First.
My son’s 18th birthday is on Tuesday September 1st.
Here is his story.... short as I can make it...
To make a long story short, YM was supposed to be our last child. Signed, sealed and delivered. The end. As she was still an infant I knew she wouldn’t be the last. We were going to have a boy. I KNEW this as strongly as I know my own name.
My husband on the other hand, did not. Nope. Nada. No way, Jose. Not today, not any day. Now, shew!
I assured him that we were going to have another child and he laid down three demands to even think about it.
1) different job
2) larger home
3) larger vehicle to fit another child.
We moved to Arizona for a job position.
We had a home built with four bedrooms, and a game room All of which was just the upstairs.
We bought a larger vehicle.
So I said.... Ahem..... Baby?
No.
He wasn’t feeling it. Three is a lot. Four is chaos.
Every once in awhile I’d say.... Baby?
Every time he replied, “No thank you. I’ve had plenty”
One Christmas we were walking out of a store with bags of wrapping paper and as I stepped of the curb he muttered, whispered, sputtered.... “Ok”
Wha? Huh? Who? Come again?
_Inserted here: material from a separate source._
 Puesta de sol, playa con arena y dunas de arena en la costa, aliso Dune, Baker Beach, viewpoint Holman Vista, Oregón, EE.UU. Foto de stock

I said, foot mid air....
“We can have a baby.”
“ seriously? A baby?”
“Yes”
And!!!
Anticlimactically......I could NOT conceive. I’d always been a baby making machine. 14th day if my cycle... pregnant. No questions asked.
Not this time. No baby. No baby. Ten more times.
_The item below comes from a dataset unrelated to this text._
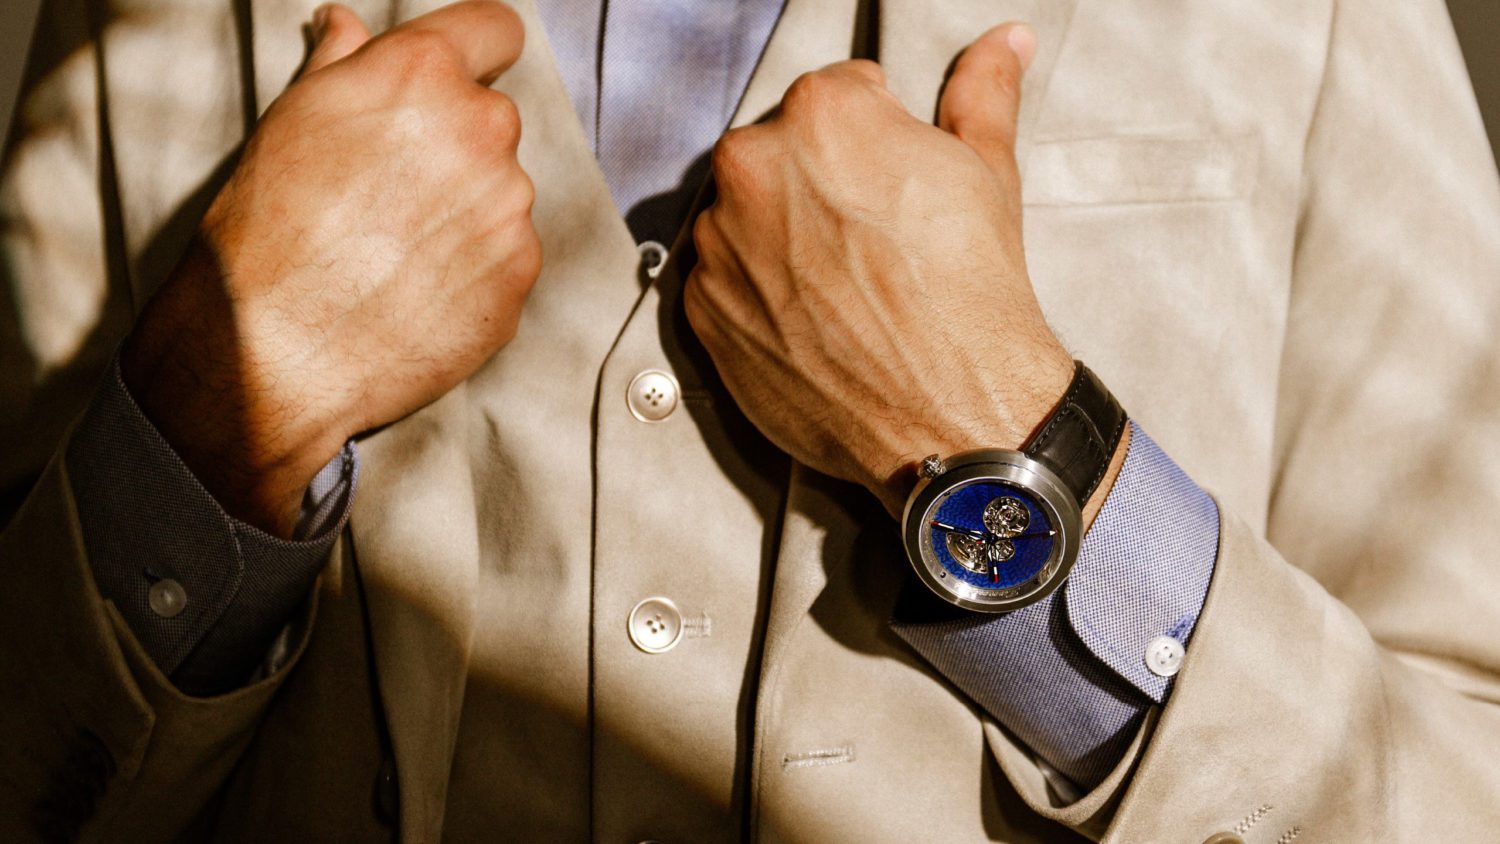 Zannetti Discobolo “Blue Edition”  dial with blu flinqué enamel.
Self-winding Swiss movement customized for Zannetti

I started charting my cycles. Obsessing over my Basal Temperature was my newest pastime. Inputting the results every morning into the pregnancy program became the thing I jumped out of bed to do before I even peed.
There you go... temp is up... still up... still up...please stay up....
Congratulations ππ You Are Pregnant!!
Flashed onto my screen!!
It took a year.
I had:
Hypermesis Graviderum which sounds like a Harry Potter spell but actually means, in Latin, you get to be hospitalized because your can’t stop throwing up... EVER. I did get released, I did not stop throwing up and in fact, I LOST, 35 lbs. I was a stick with a belly which is why it’s so weird that I also got
Gestational Diabetes. That basically took any food that I could eat a tablespoon of, off the table. Not even bananas. I lived on broth in tablespoons, bits of turkey and small amounts of milk.
symphysis pubis dysfunction. This means, and this is an actual quote “ wrenching pain (as though your pelvis is tearing apart“ It is a blast!
And round two of Pre-eclampsia.......
I spent two weeks in a bathtub at the end and I couldn’t walk up my stairs or put on pants/shorts.
Oh, and I needed a blood transfusion because of me being too anemic.
And guess what?
I never. Ever. Not even one time complained. THAT is how much I adore being pregnant.
The birth story isn’t good and sent me spiraling into depression but the baby. My Mr Mouse. Well, he is smart, curious, thoughtful, funny, an asshole on occasion, determined, young man.
I am blessed.
Happy Birthday, Cub. It’s been awesome knowing you!